Nikolaus Harnoncourt with Vienna Concentus Musicus chooses this Trumpet Concerto to cap off a disc of music by the composer's son, which includes the Bassoon Concerto K. 191.

It can also be found on several CDs with trumpet concertos by other composers, such as:
- George Vosburgh's recording with the Seattle Symphony and Gerard Schwarz, which includes Joseph Haydn's Trumpet Concerto in E♭ major, Johann Nepomuk Hummel's Trumpet Concerto in E major and Georg Philipp Telemann's Trumpet Concerto in D major.

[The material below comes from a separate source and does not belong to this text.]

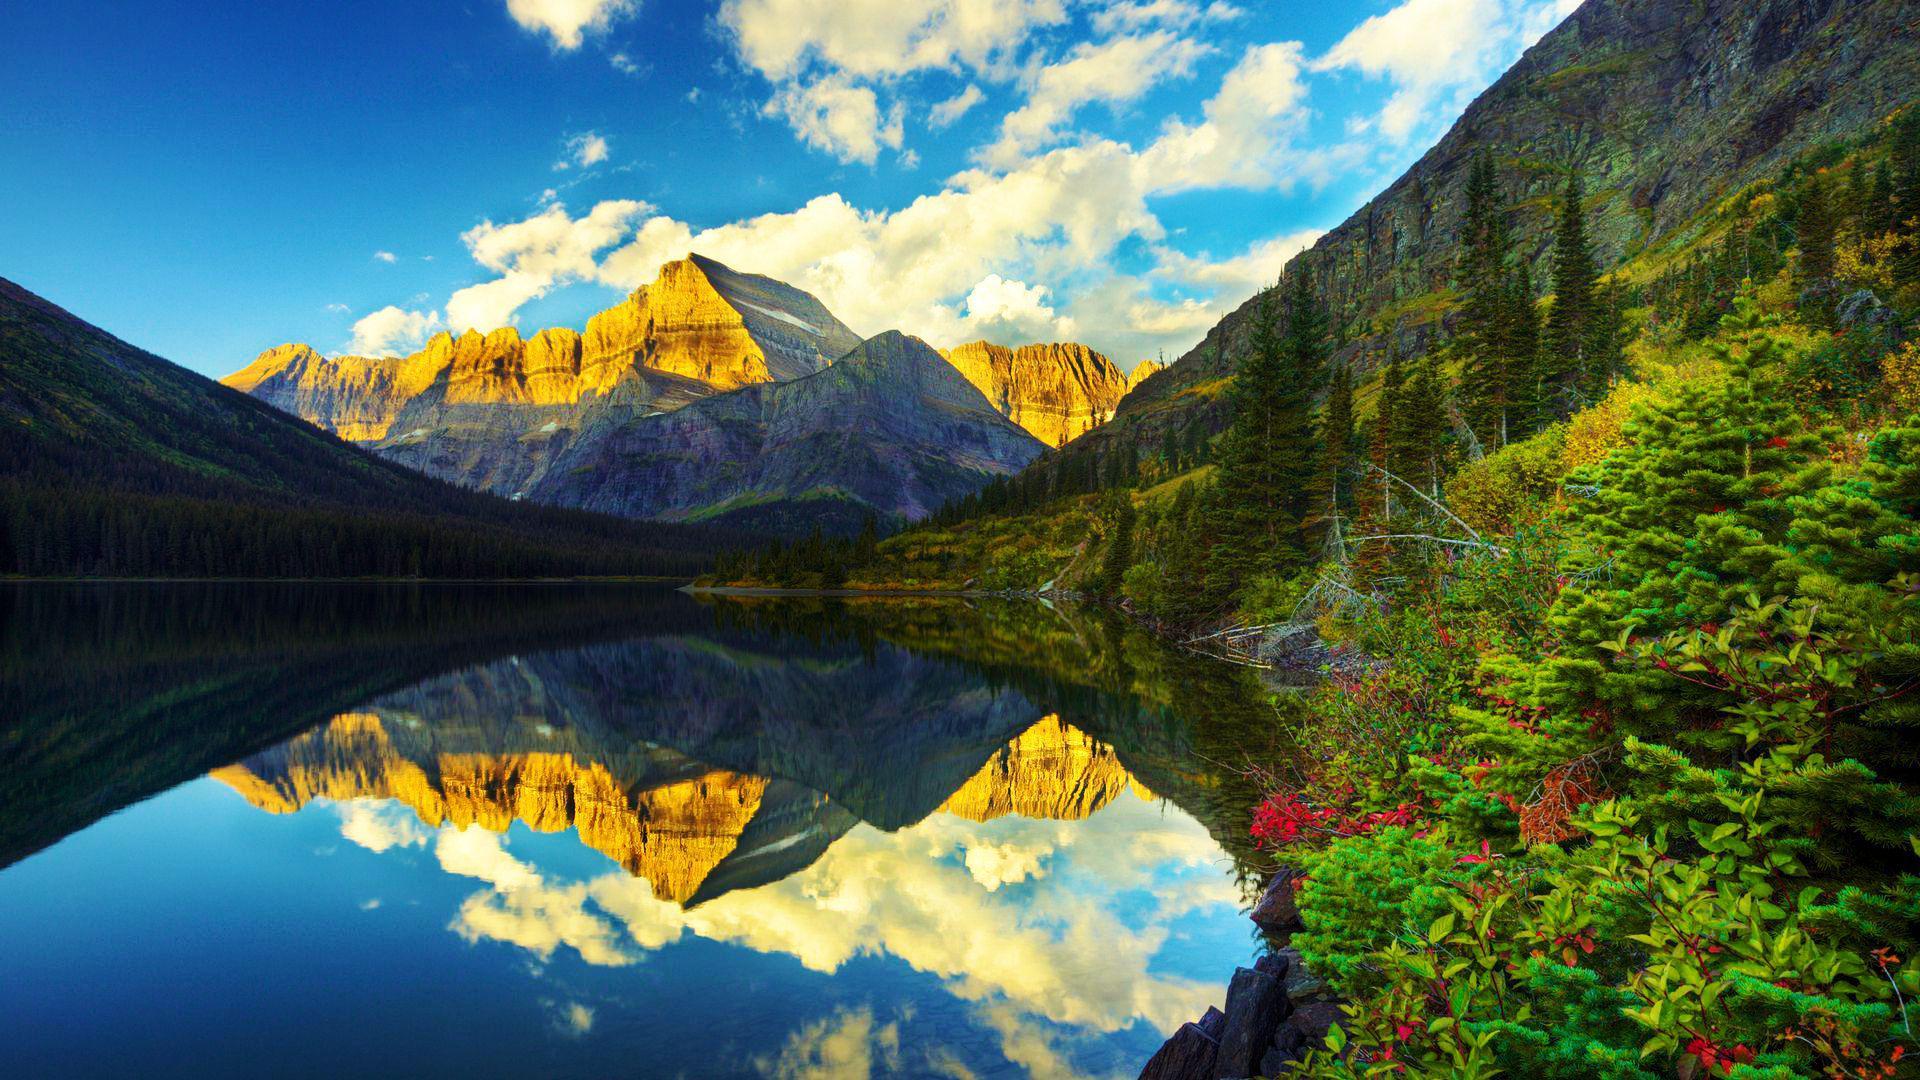 Glacier National Park Desktop Wallpapers   HD Wallpapers Backgrounds 1920x1080

- The Naxos Records album The Art of the Baroque Trumpet, Volume 1, with Niklas Eklund, groups Mozart's Concerto with Baroque trumpet concertos such as the aforementioned Telemann, and adds Molter, Purcell, Fasch and Handel. Eklund wrote his own cadenza for the first movement.
- Miroslav Kejmar also includes it in his Famous Trumpet Concerti album, which besides Joseph Haydn's is all Baroque.
- On Telarc, Rolf Smedvig with the Scottish Chamber Orchestra conducted by Jahja Ling plays Mozart's Concerto as well as Telemann's and Bach's Brandenburg Concerto No. 2.
- Wynton Marsalis plays this concerto along with the famous concerti by Haydn and Hummel. This recording is part of the Great Performances series by Sony.
- Maurice André, with the Berliner Philharmoniker conducted by Herbert von Karajan on EMI 5 66909 2 (Great Recordings of the Century series), together with concertos by Hummel, Telemann, and Vivaldi.
- John Wilbraham, with the Academy of St. Martin-in-the-Fields conducted by Neville Marriner on Decca 417 761-2 (Ovation series), together with concertos by Haydn (played by Alan Stringer), Telemann, Albinoni and Hummel.
- Edward H Tarr, with the Consortium Musicum conducted by Fritz Lehan on a two-disc compendium entitled Trumpet Classics on EMI Seraphim 5 69140 2, together with music for trumpet by Haydn, Torelli, Viviani, Telemann, Franceschini, Hummel, Hertel, Handel, Albinoni and Vivaldi, with a variety of performers.